Ein Verfahren zum Entzug einer Lehrbefugnis kann durch Stiftung oder Beirat eingeleitet werden. Stiftung und Beirat informieren sich wechselseitig sowie die Universität über die Einleitung eines Verfahrens zum Entzug einer Lehrbefugnis. Dabei teilen Stiftung und Beirat die zu erörternden Aspekte schriftlich mit, die auch Grundlage für die Ermöglichung rechtlichen Gehörs der bzw. des Betroffenen sind.

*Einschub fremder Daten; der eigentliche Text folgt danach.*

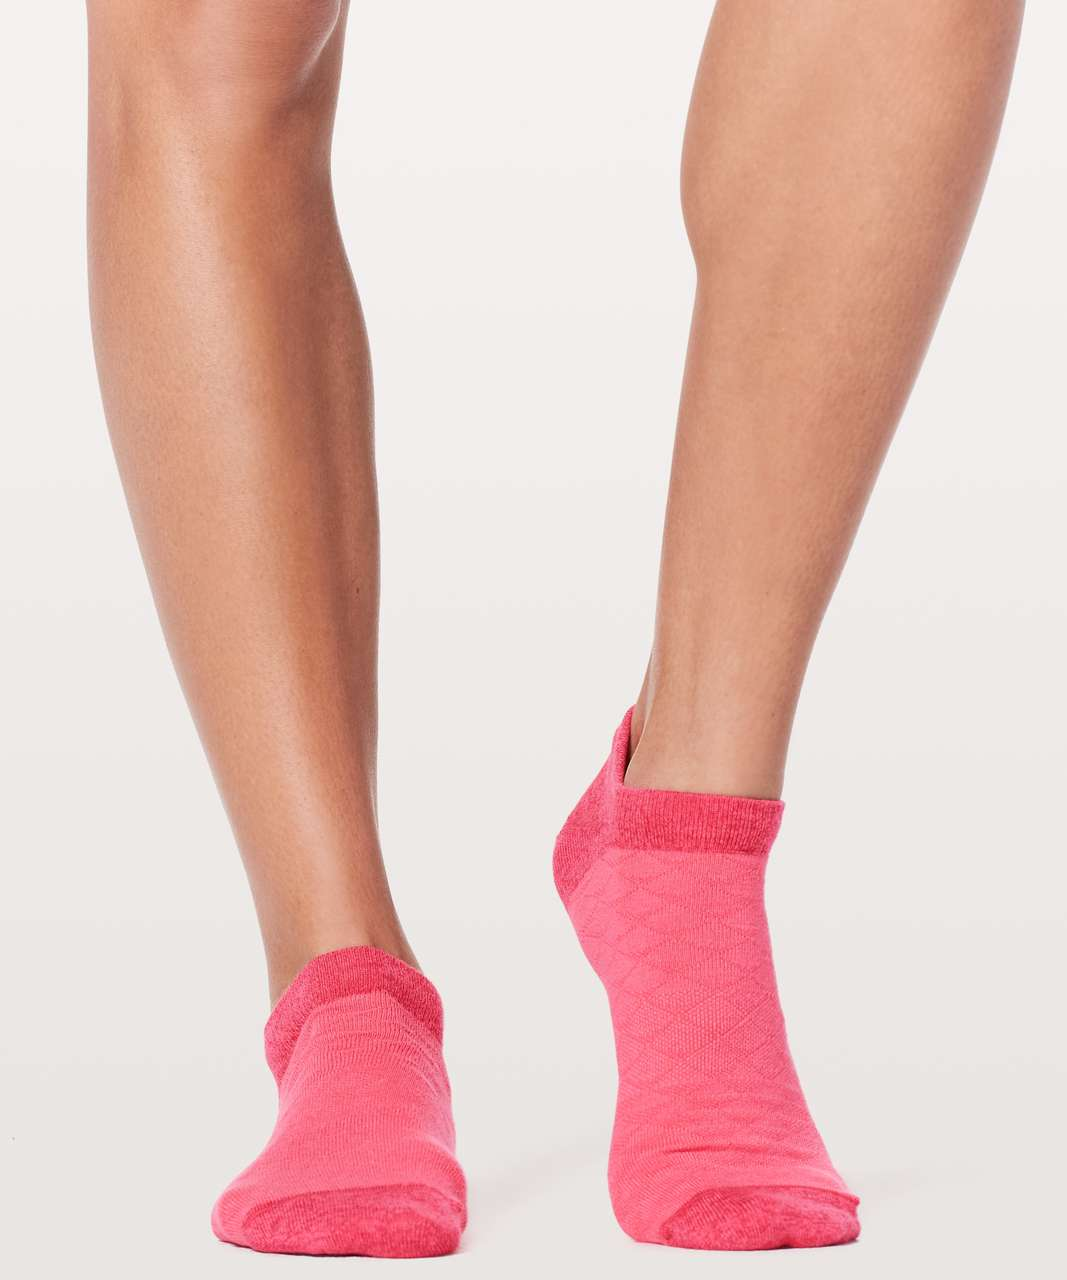 Lululemon On The Fly Sock *Mountain - Glossy / Fuchsia Pink

Stiftung und Beirat vereinbaren einen Erörterungstermin zur Vorbereitung der Entscheidung der jeweiligen Gremien, zu dem auch die Universität Tübingen eingeladen wird. Sie laden ferner die bzw. den Betroffenen unter Übermittlung der zu erörternden Aspekte zur Anhörung ein. Die bzw. der Betroffene hat ergänzend oder alternativ zu der Anhörung im Erörterungstermin auch die Möglichkeit, sich vor dem Erörterungstermin schriftlich zu äußern.

Der Erörterungstermin soll innerhalb von vier Wochen nach der Mitteilung der Stiftung oder des Beirats über die Einleitung eines Verfahrens zum Entzug der Lehrbefugnis stattfinden.

Stiftung und Beirat sollen innerhalb einer Frist von vier Wochen nach dem Erörterungstermin über den Entzug der Lehrbefugnis entscheiden. Stiftung und Beirat teilen der bzw. dem Betroffenen sowie der Universität ihre jeweilige Entscheidung schriftlich mit. Ablehnende Entscheidungen sind der bzw. dem Betroffenen unter Mitteilung einer Begründung sowie der Rechtschutzmöglichkeiten bekanntzugeben. Sobald die ablehnenden Entscheidungen bestandskräftig geworden sind, teilen Stiftung und Beirat dies der bzw. dem Betroffenen und der Universität mit.

Entziehen die Stiftung und der Beirat die Lehrbefugnis übereinstimmend, ist die Lehrbefugnis mit Eintritt der Bestandskraft der jeweiligen Entscheidung des Beirats und der Stiftung insgesamt entzogen.

Entzieht nur die Stiftung oder der Beirat allein die Lehrbefugnis, wird die Lehrbefugnis mit Eintritt der Bestandskraft der Entscheidung für die Lehrbereiche entzogen, für die die Stiftung bzw. der Beirat die Zuständigkeit hat.

In diesen Fällen ist es Aufgabe der Universität, den Einsatz des betroffenen Professors ohne oder mit nur teilweiser Lehrbefugnis zu regeln.

 

5. Akademische Mitarbeiterinnen und Mitarbeiter

Die vorgenannten Regelungen gelten entsprechend auch für Akademische Mitarbeiterinnen und Mitarbeiter, denen das Recht der selbstständigen Lehre und Forschung nach § 52 Landeshochschulgesetz übertragen werden soll bzw. vor dem 1.8.2020 übertragen wurde. Die Zuständigkeit für die Einstellung der Akademischen Mitarbeiterinnen und Mitarbeiter liegt bei der Universität Tübingen.